:: RECORDED DATA ::

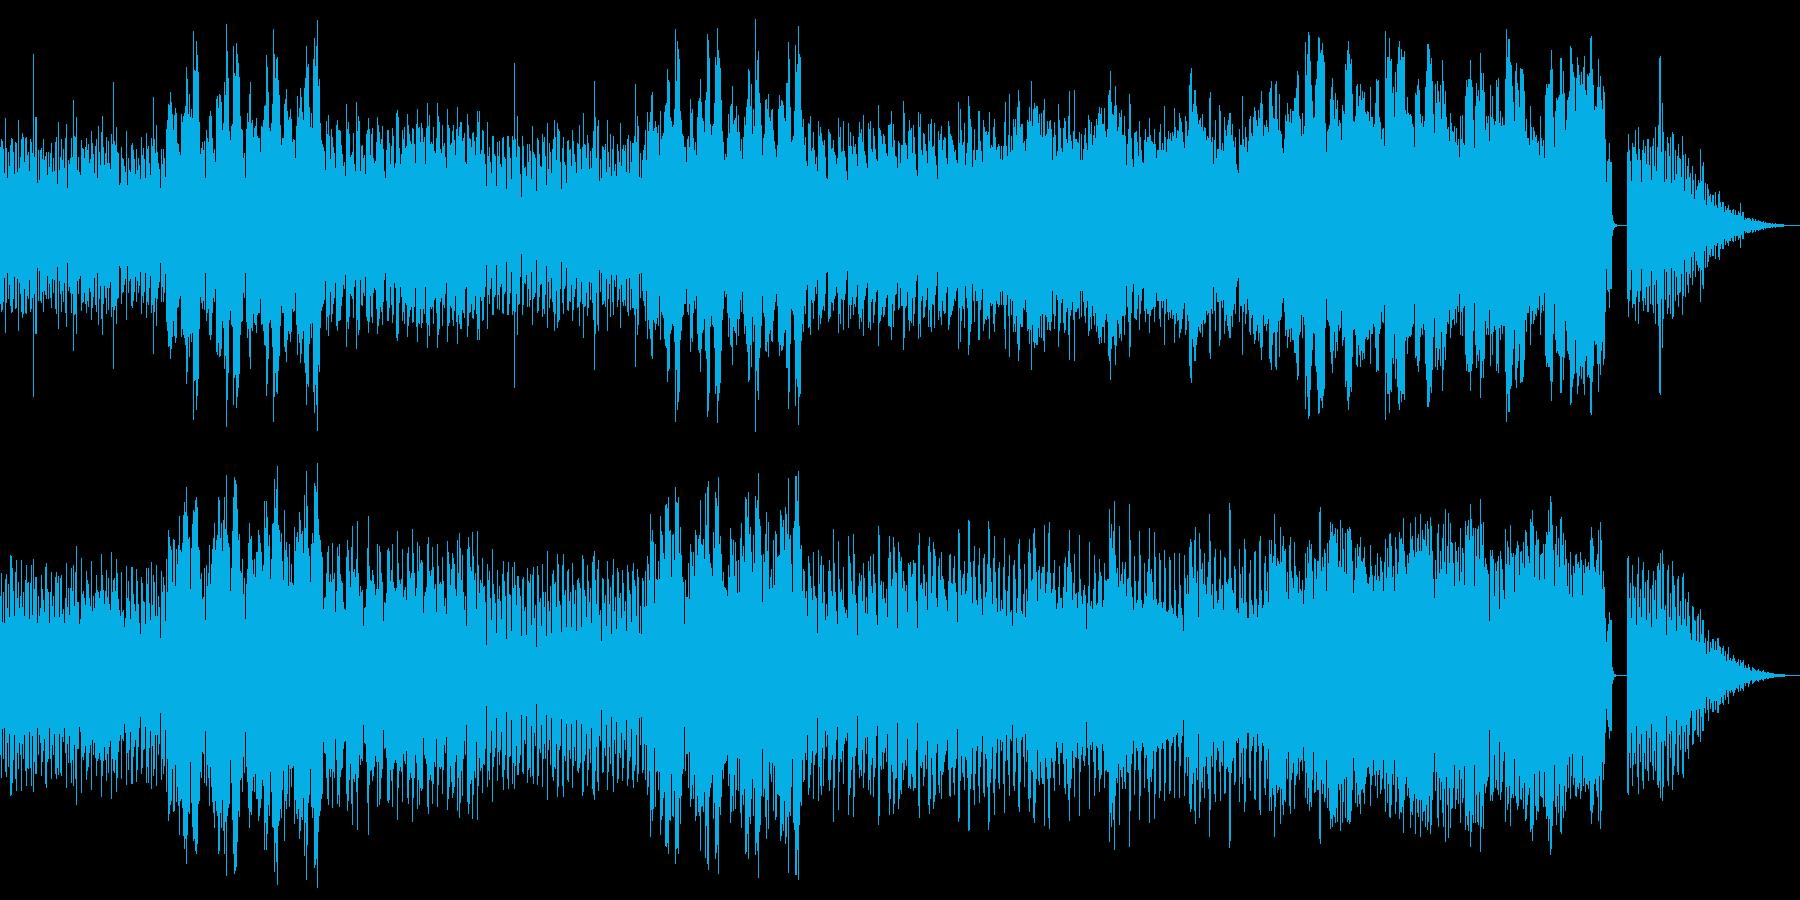 暗い町をイメージしたコミカルなBGMの再生済みの波形
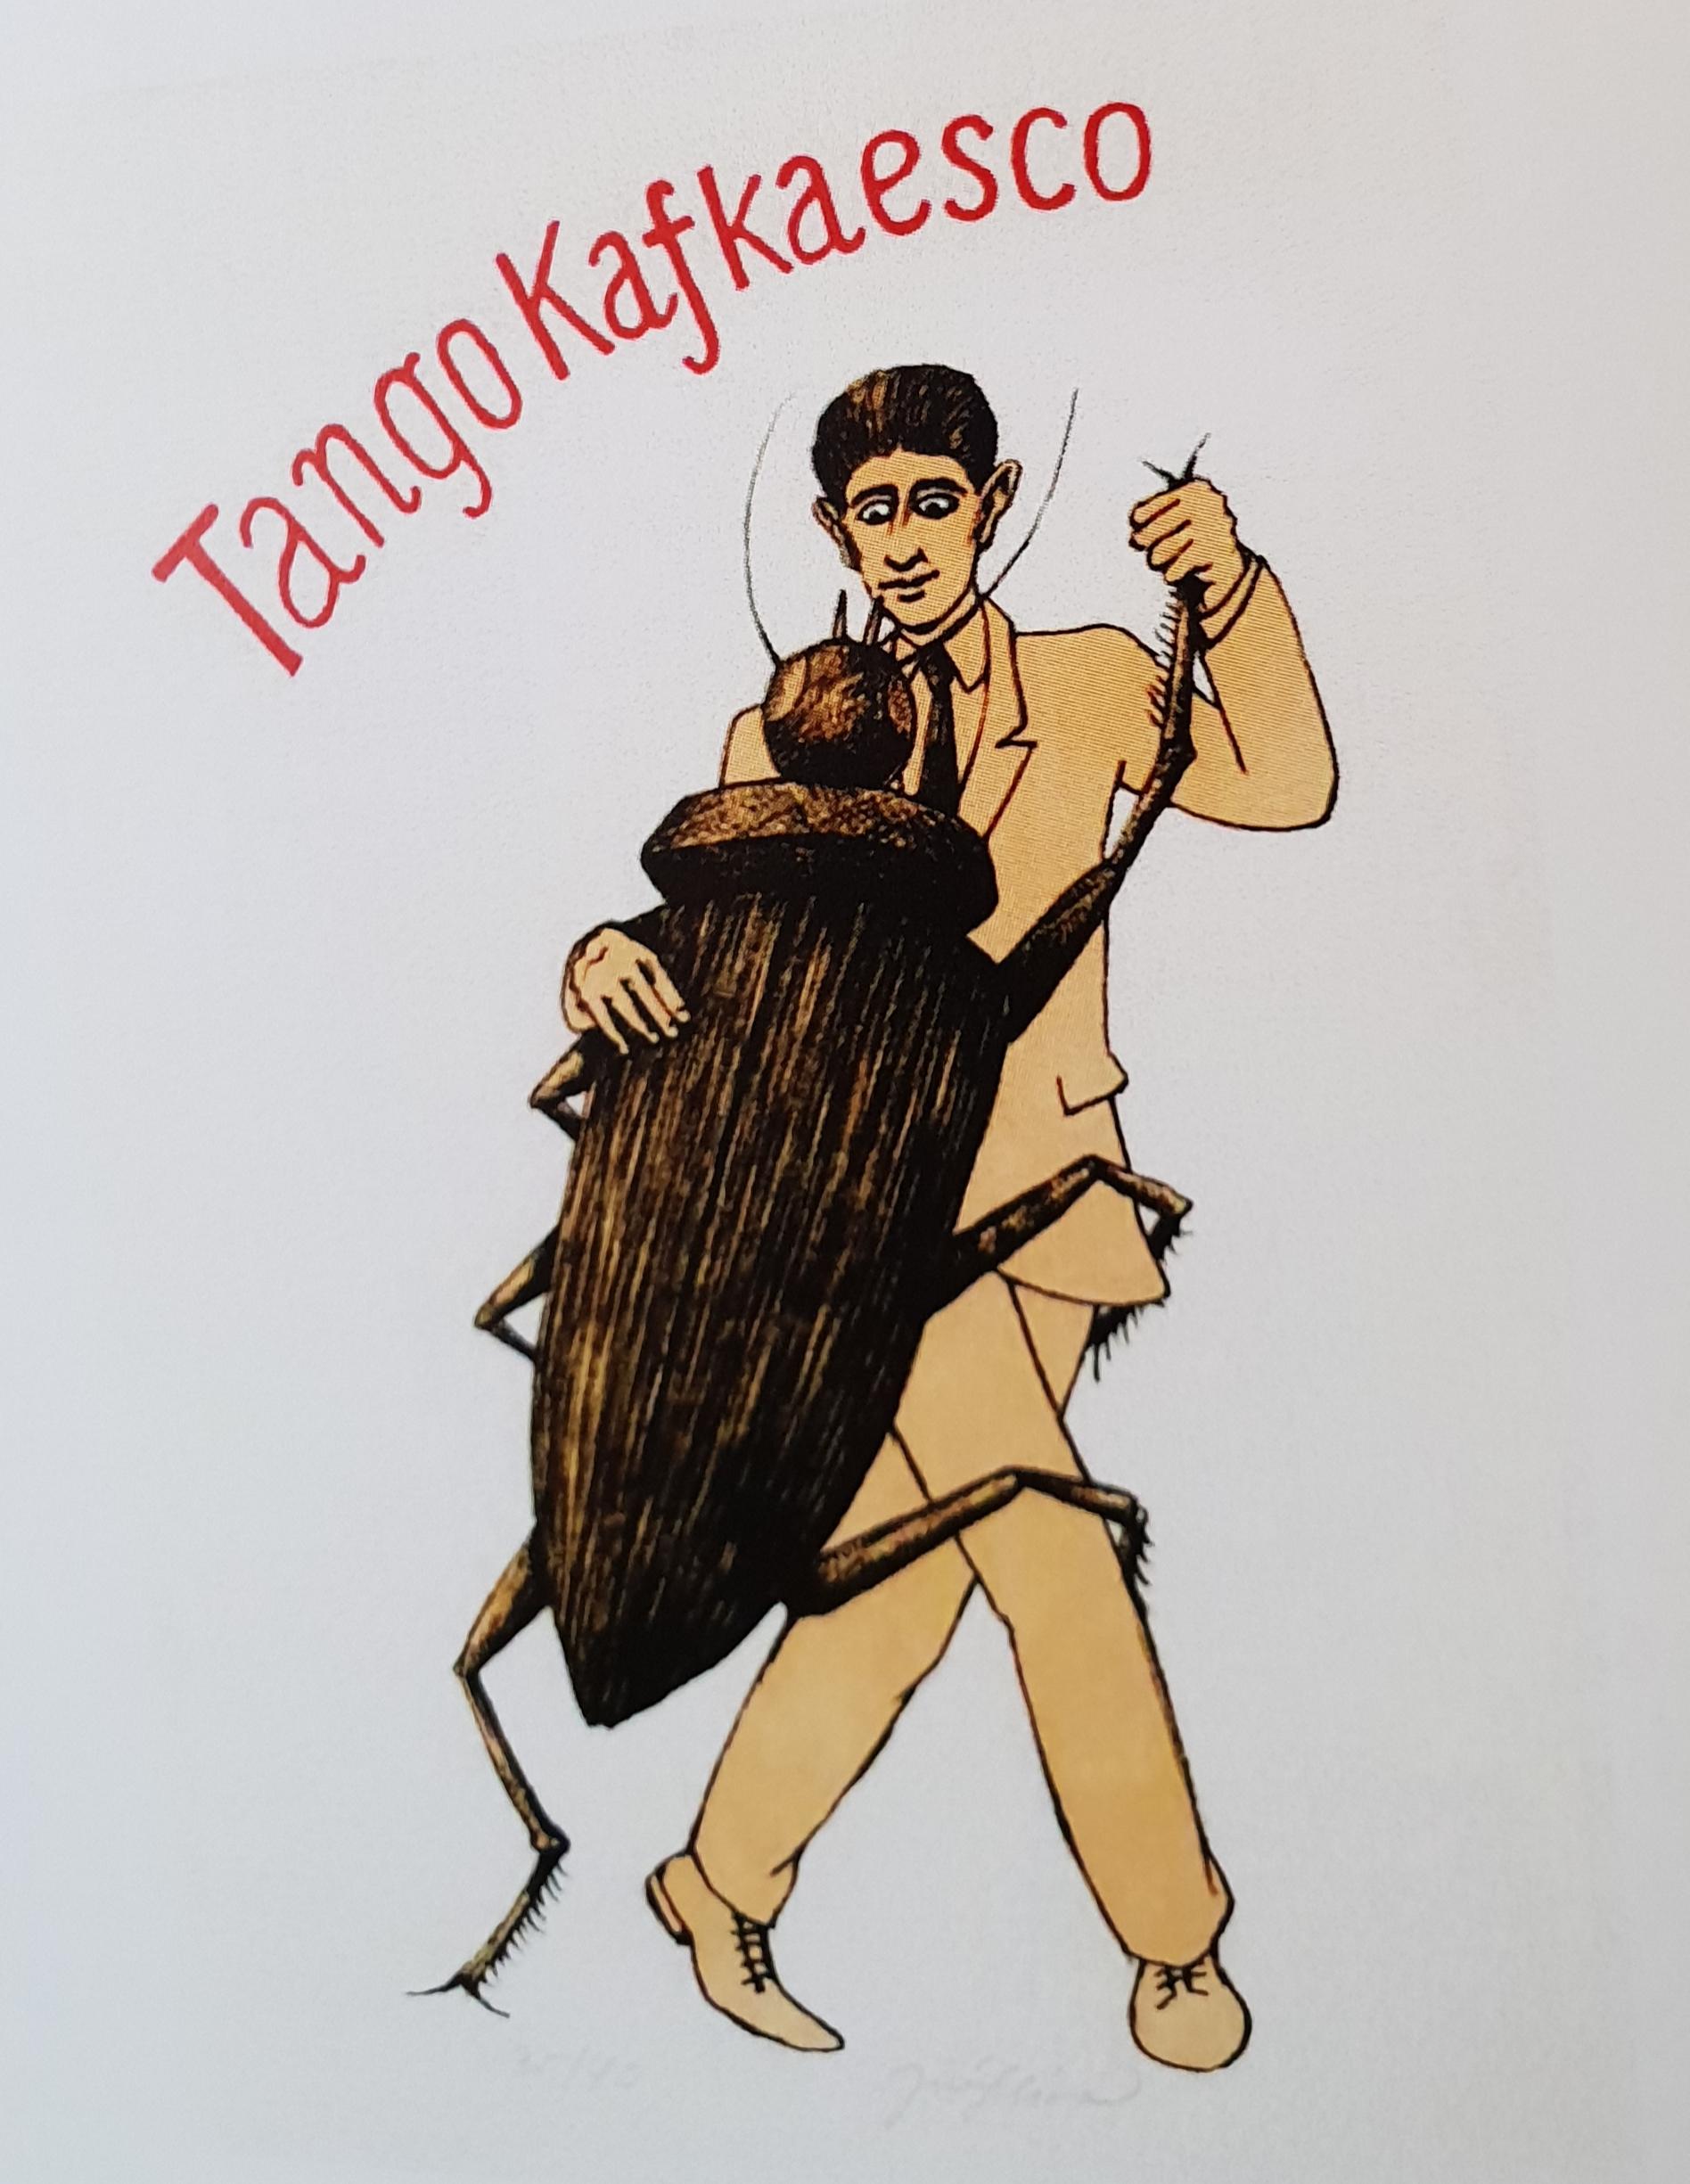 TANGO KAFKAESCO
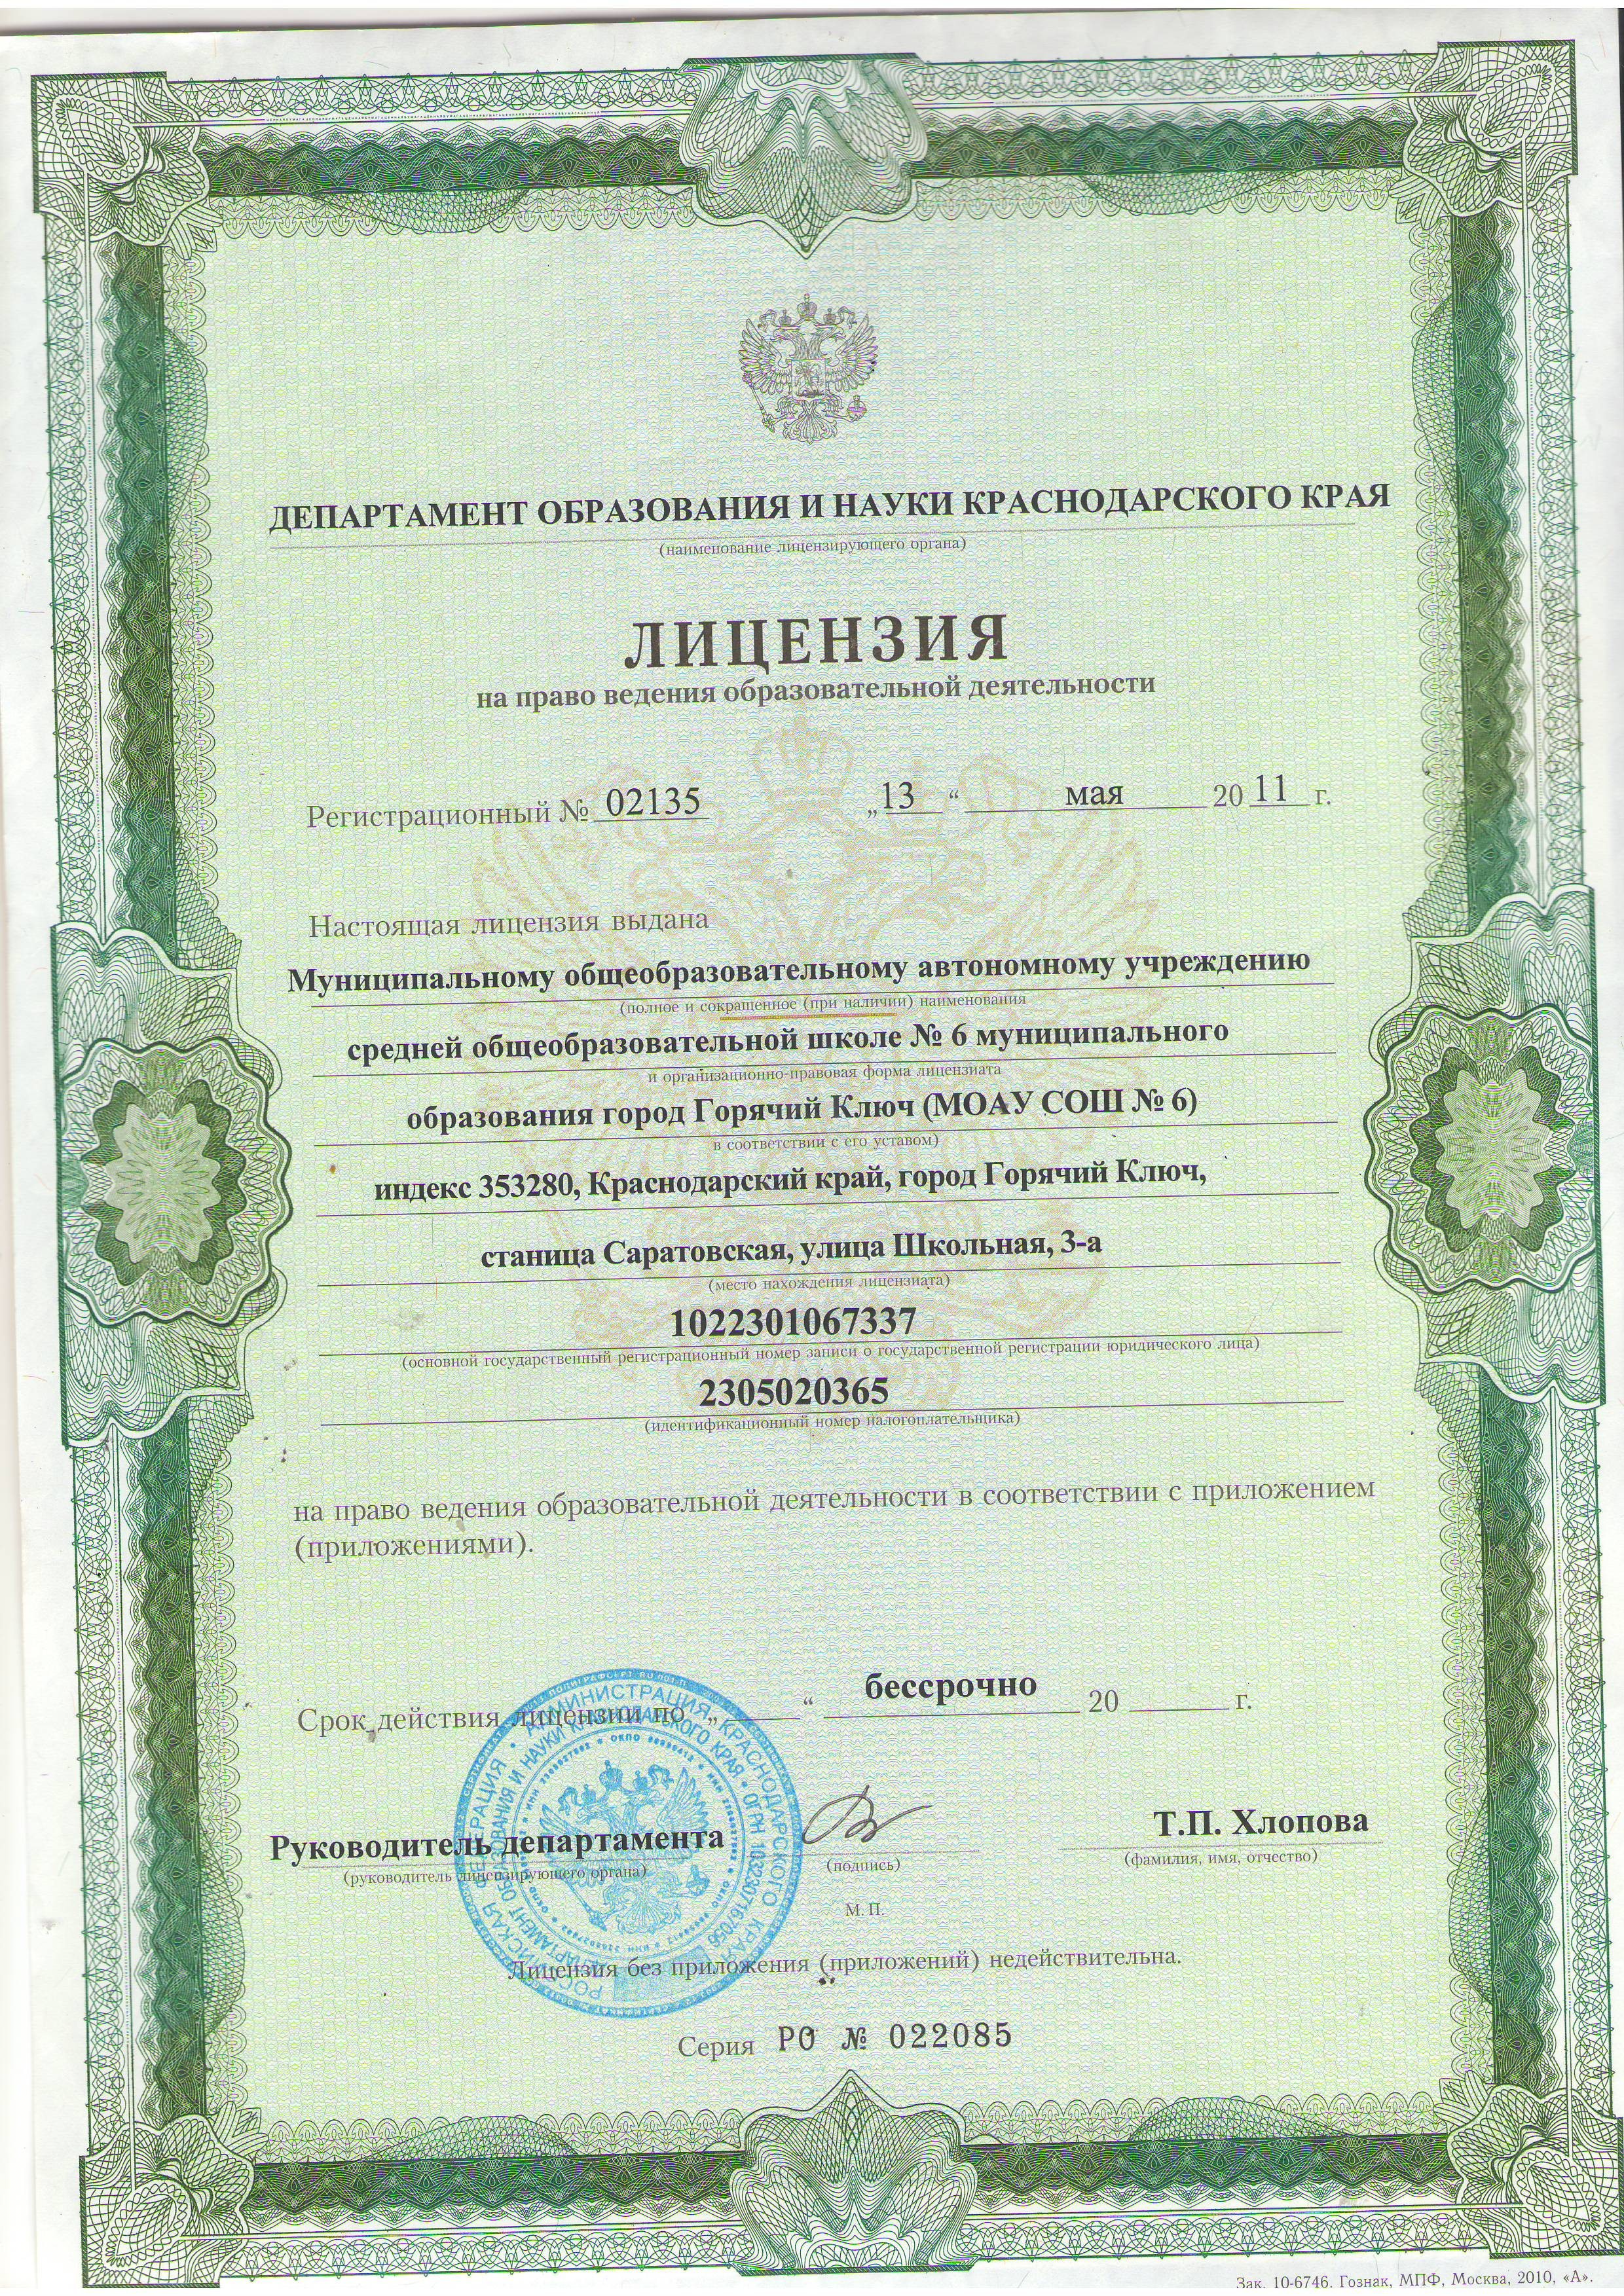 лицензия - копия

:::

INSTRUCTIONS FOR THE TASK:
Could you copy each line above exactly as written, minus any pictures?

ANSWER TO THIS PROBLEM:
 暗い町をイメージしたコミカルなBGMの再生済みの波形
 TANGO KAFKAESCO
 лицензия - копия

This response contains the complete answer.